Laughter erupted from the table behind him. A gang of Yale profs were holding court under a halo of cigarette smoke. He’d seen them at the club before. They always commandeered the same booth. Had they come in while he was building the dollhouse or thinking about Homer? Whatever, they were on their second round of cocktails and, as usual, were having a hell of a lot more fun than he was.

The five faculty members at the table belonged to a subset of academia Friedrich’s wife called PWM—professors with money, either inherited or married into. Their vowels were polished by boarding school; they swam and played tennis at the New Haven Lawn Club; and they sent their children to a private school called Hamden Hall and “summered” in places Friedrich had never heard of much less wanted to be invited to until he had “come east.” They prided themselves on knowing famous Negroes, having best friends who happened to be Jewish, signing anti-McCarthy petitions, and loving abstract art. All of which combined to make them feel superior to your average everyday garden variety snob, not to mention Friedrich and everybody else in the world.

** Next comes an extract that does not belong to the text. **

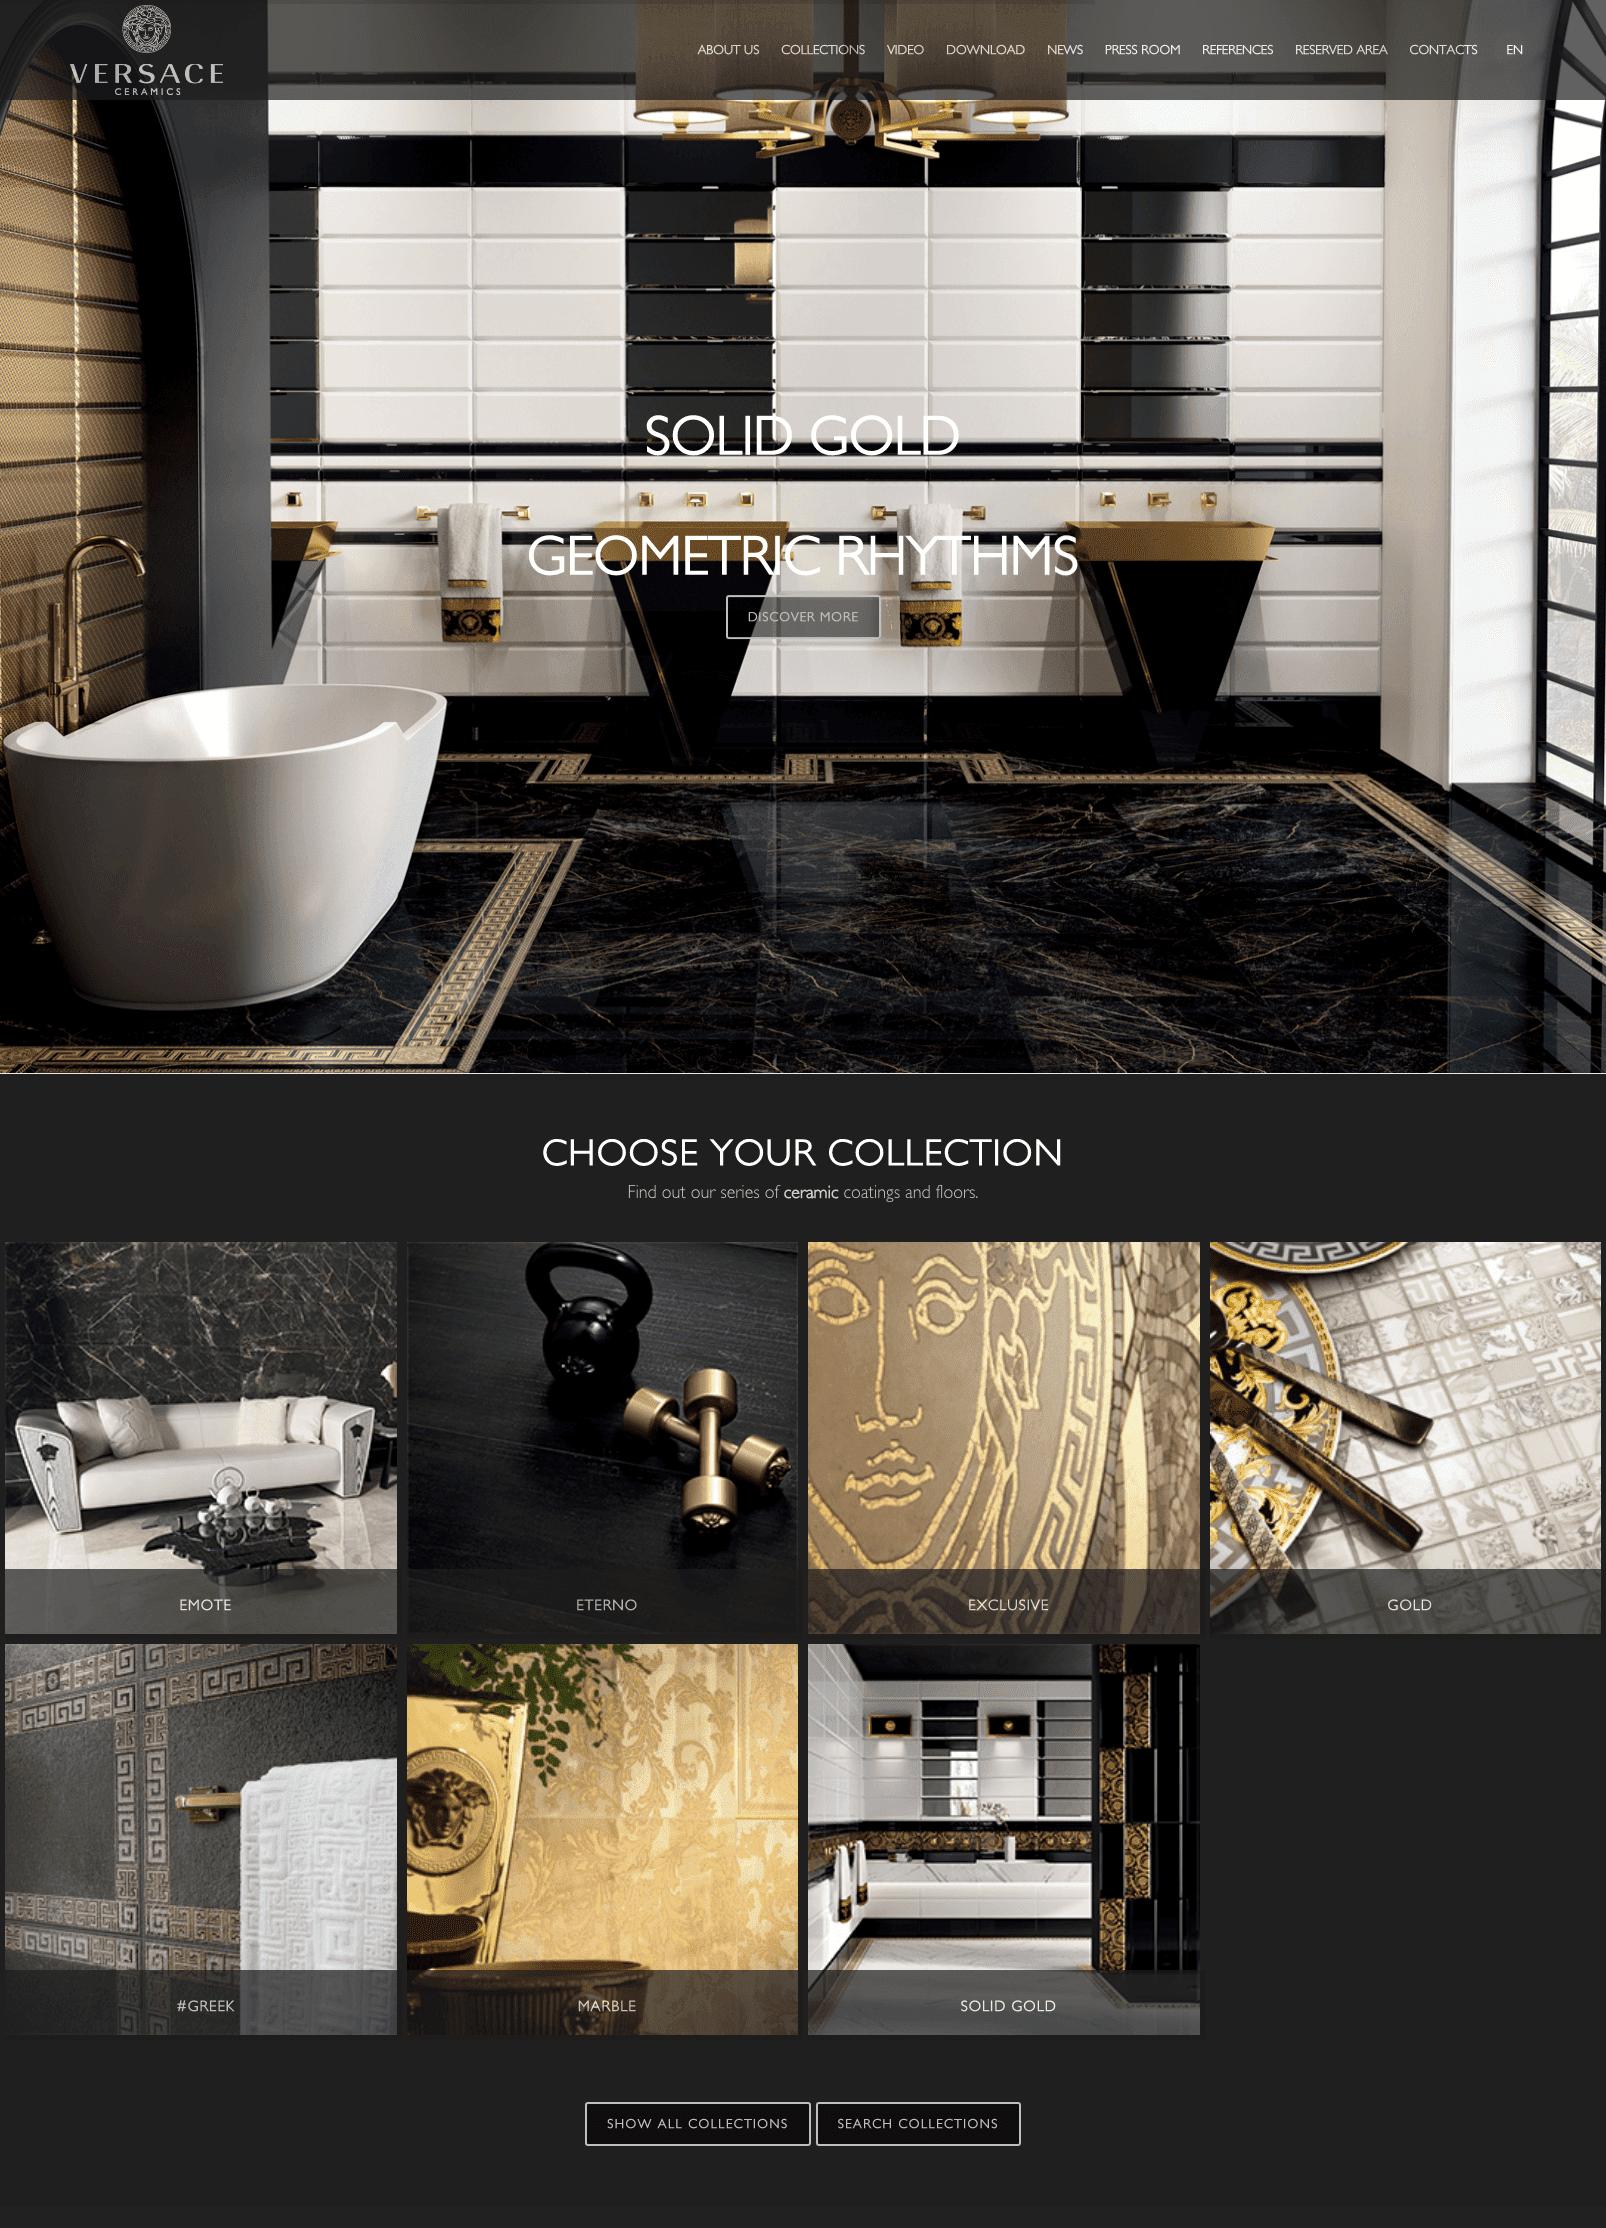 versace-tiles.com
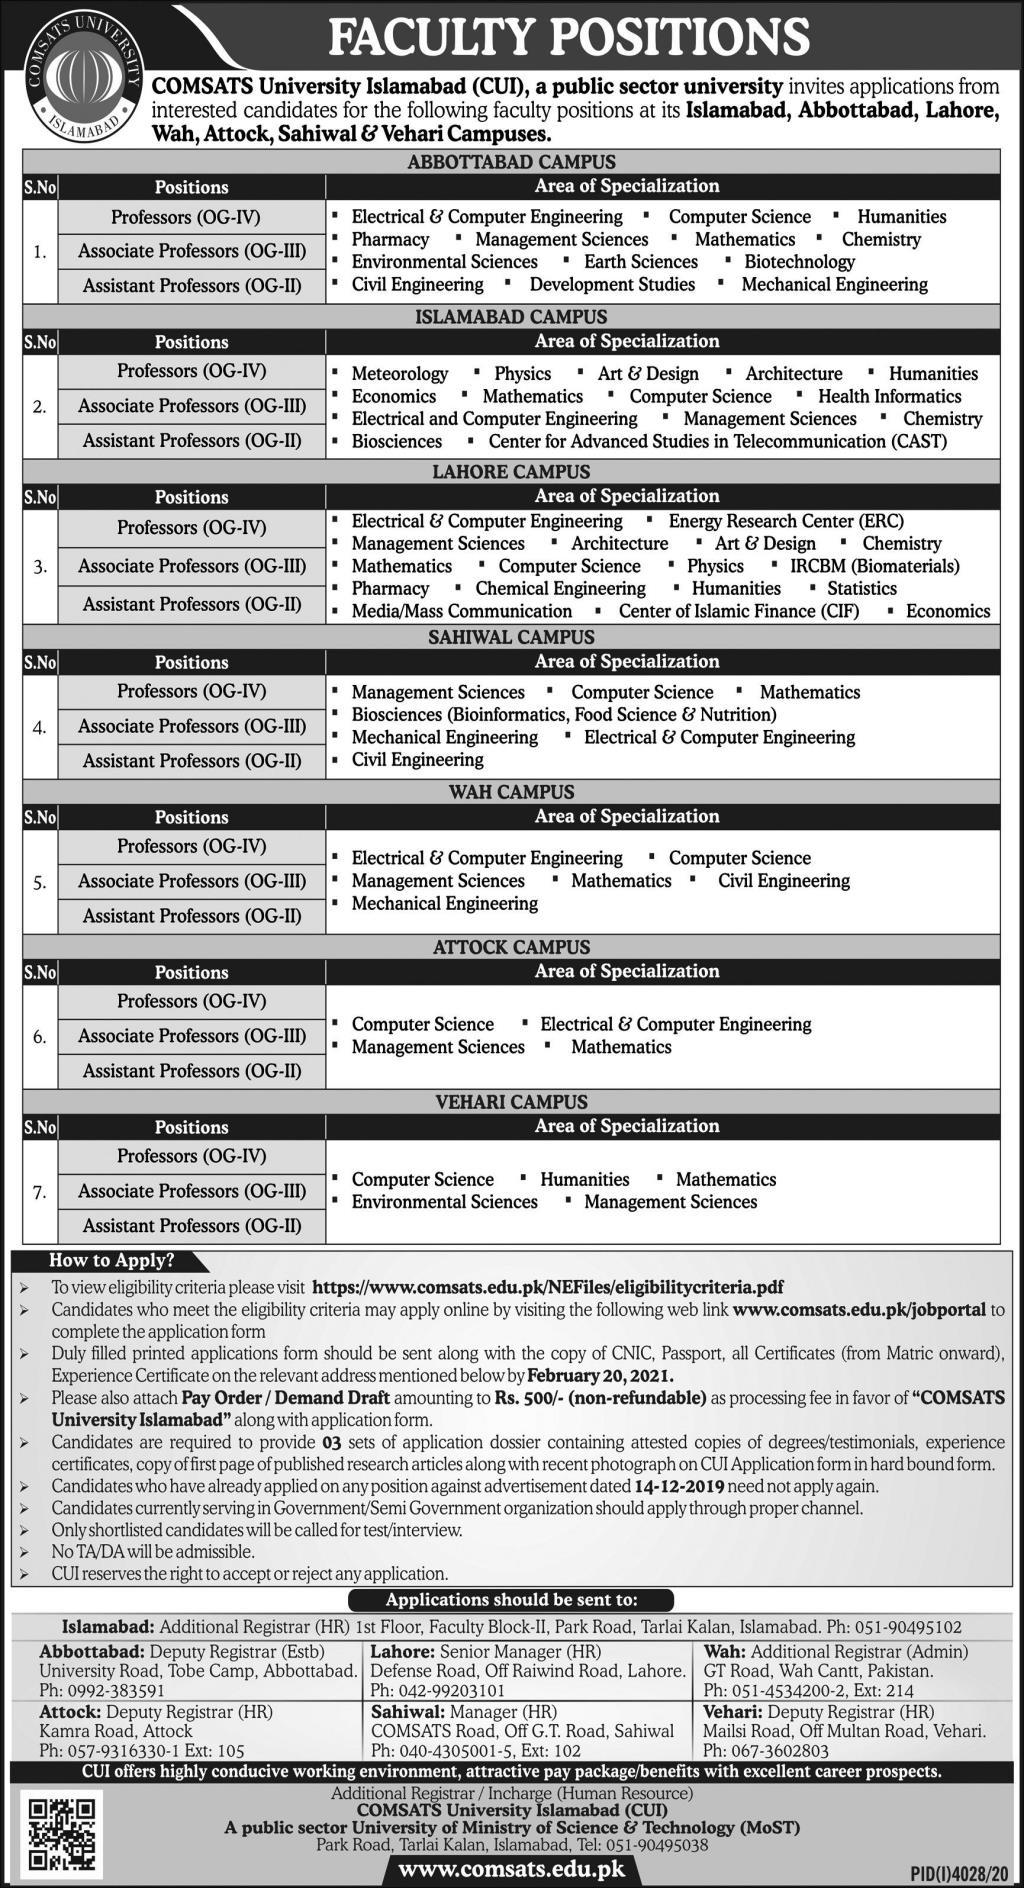 Comsats Careers - Comsats University Jobs - Comsats University Islamabad (CUI) Jobs 2021 - Lecturer Jobs - Academic Positions - Academic Jobs - Online Apply - ww2.comsats.edu.pk/jobportal/Login.aspx

The only member of the gang Friedrich recognized by name was Dr. Winton. Even if she hadn’t been the first and only female instructor of psychiatry at Yale medical school, Bunny Winton would have stood out. She was over six feet tall, counting the long red braid she coiled on top of her head like a snake. Forty years old, she looked a decade younger. Her skin was pale, white, and translucent, like skimmed milk, and she was never seen outdoors without a hat. While her fellow profs had cocktails, she imbibed a cup of hot water—she’d brought her own tea. Plainly smart, in a tweed suit—just in case you didn’t notice she was special even among the table full of men who had made careers out of being special—she wore a gold pre-Columbian frog on a leather thong around her neck.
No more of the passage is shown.